WHAT YOU NEED TO DO => The full listing below should be repeated exactly.

DATASET CONTENT =>
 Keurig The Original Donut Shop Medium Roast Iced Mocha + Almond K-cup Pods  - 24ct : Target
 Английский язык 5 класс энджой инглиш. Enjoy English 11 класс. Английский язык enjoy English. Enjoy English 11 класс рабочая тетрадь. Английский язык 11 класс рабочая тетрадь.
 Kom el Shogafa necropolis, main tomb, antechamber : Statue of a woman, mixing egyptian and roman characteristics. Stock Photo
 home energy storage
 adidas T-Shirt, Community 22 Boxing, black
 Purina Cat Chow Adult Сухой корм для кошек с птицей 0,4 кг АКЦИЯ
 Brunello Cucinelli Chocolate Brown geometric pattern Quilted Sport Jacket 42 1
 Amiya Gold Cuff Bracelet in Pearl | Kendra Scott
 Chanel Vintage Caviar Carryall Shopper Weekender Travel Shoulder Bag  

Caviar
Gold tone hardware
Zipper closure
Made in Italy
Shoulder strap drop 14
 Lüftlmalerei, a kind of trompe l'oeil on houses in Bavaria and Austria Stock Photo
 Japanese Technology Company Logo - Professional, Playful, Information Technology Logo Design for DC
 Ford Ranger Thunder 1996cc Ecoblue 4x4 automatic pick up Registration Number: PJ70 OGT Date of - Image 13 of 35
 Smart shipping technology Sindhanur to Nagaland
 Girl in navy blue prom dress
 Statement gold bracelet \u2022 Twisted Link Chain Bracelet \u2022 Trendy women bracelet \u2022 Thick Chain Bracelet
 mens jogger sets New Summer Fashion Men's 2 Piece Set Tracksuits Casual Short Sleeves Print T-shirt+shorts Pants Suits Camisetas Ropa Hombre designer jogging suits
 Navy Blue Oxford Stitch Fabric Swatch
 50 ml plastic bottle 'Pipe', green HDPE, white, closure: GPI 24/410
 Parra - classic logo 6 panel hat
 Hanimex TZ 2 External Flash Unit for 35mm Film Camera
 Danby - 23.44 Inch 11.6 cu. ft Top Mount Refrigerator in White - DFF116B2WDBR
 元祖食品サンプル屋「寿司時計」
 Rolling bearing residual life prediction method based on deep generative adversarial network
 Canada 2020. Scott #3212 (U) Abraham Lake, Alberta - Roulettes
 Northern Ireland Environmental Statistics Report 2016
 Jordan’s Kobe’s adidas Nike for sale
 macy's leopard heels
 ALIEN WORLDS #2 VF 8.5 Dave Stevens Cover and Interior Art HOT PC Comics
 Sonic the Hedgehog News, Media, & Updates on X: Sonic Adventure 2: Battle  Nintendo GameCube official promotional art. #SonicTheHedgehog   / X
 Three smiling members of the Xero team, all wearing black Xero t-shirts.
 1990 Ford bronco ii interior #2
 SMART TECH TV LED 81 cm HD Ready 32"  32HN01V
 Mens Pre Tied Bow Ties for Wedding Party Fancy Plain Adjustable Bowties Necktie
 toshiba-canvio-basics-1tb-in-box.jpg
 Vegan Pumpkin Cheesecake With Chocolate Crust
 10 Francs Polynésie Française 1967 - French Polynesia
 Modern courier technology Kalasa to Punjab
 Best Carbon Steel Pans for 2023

SOLUTION TO THE PROBLEM =>
 Keurig The Original Donut Shop Medium Roast Iced Mocha + Almond K-cup Pods  - 24ct : Target
 Английский язык 5 класс энджой инглиш. Enjoy English 11 класс. Английский язык enjoy English. Enjoy English 11 класс рабочая тетрадь. Английский язык 11 класс рабочая тетрадь.
 Kom el Shogafa necropolis, main tomb, antechamber : Statue of a woman, mixing egyptian and roman characteristics. Stock Photo
 home energy storage
 adidas T-Shirt, Community 22 Boxing, black
 Purina Cat Chow Adult Сухой корм для кошек с птицей 0,4 кг АКЦИЯ
 Brunello Cucinelli Chocolate Brown geometric pattern Quilted Sport Jacket 42 1
 Amiya Gold Cuff Bracelet in Pearl | Kendra Scott
 Chanel Vintage Caviar Carryall Shopper Weekender Travel Shoulder Bag  

Caviar
Gold tone hardware
Zipper closure
Made in Italy
Shoulder strap drop 14
 Lüftlmalerei, a kind of trompe l'oeil on houses in Bavaria and Austria Stock Photo
 Japanese Technology Company Logo - Professional, Playful, Information Technology Logo Design for DC
 Ford Ranger Thunder 1996cc Ecoblue 4x4 automatic pick up Registration Number: PJ70 OGT Date of - Image 13 of 35
 Smart shipping technology Sindhanur to Nagaland
 Girl in navy blue prom dress
 Statement gold bracelet \u2022 Twisted Link Chain Bracelet \u2022 Trendy women bracelet \u2022 Thick Chain Bracelet
 mens jogger sets New Summer Fashion Men's 2 Piece Set Tracksuits Casual Short Sleeves Print T-shirt+shorts Pants Suits Camisetas Ropa Hombre designer jogging suits
 Navy Blue Oxford Stitch Fabric Swatch
 50 ml plastic bottle 'Pipe', green HDPE, white, closure: GPI 24/410
 Parra - classic logo 6 panel hat
 Hanimex TZ 2 External Flash Unit for 35mm Film Camera
 Danby - 23.44 Inch 11.6 cu. ft Top Mount Refrigerator in White - DFF116B2WDBR
 元祖食品サンプル屋「寿司時計」
 Rolling bearing residual life prediction method based on deep generative adversarial network
 Canada 2020. Scott #3212 (U) Abraham Lake, Alberta - Roulettes
 Northern Ireland Environmental Statistics Report 2016
 Jordan’s Kobe’s adidas Nike for sale
 macy's leopard heels
 ALIEN WORLDS #2 VF 8.5 Dave Stevens Cover and Interior Art HOT PC Comics
 Sonic the Hedgehog News, Media, & Updates on X: Sonic Adventure 2: Battle  Nintendo GameCube official promotional art. #SonicTheHedgehog   / X
 Three smiling members of the Xero team, all wearing black Xero t-shirts.
 1990 Ford bronco ii interior #2
 SMART TECH TV LED 81 cm HD Ready 32"  32HN01V
 Mens Pre Tied Bow Ties for Wedding Party Fancy Plain Adjustable Bowties Necktie
 toshiba-canvio-basics-1tb-in-box.jpg
 Vegan Pumpkin Cheesecake With Chocolate Crust
 10 Francs Polynésie Française 1967 - French Polynesia
 Modern courier technology Kalasa to Punjab
 Best Carbon Steel Pans for 2023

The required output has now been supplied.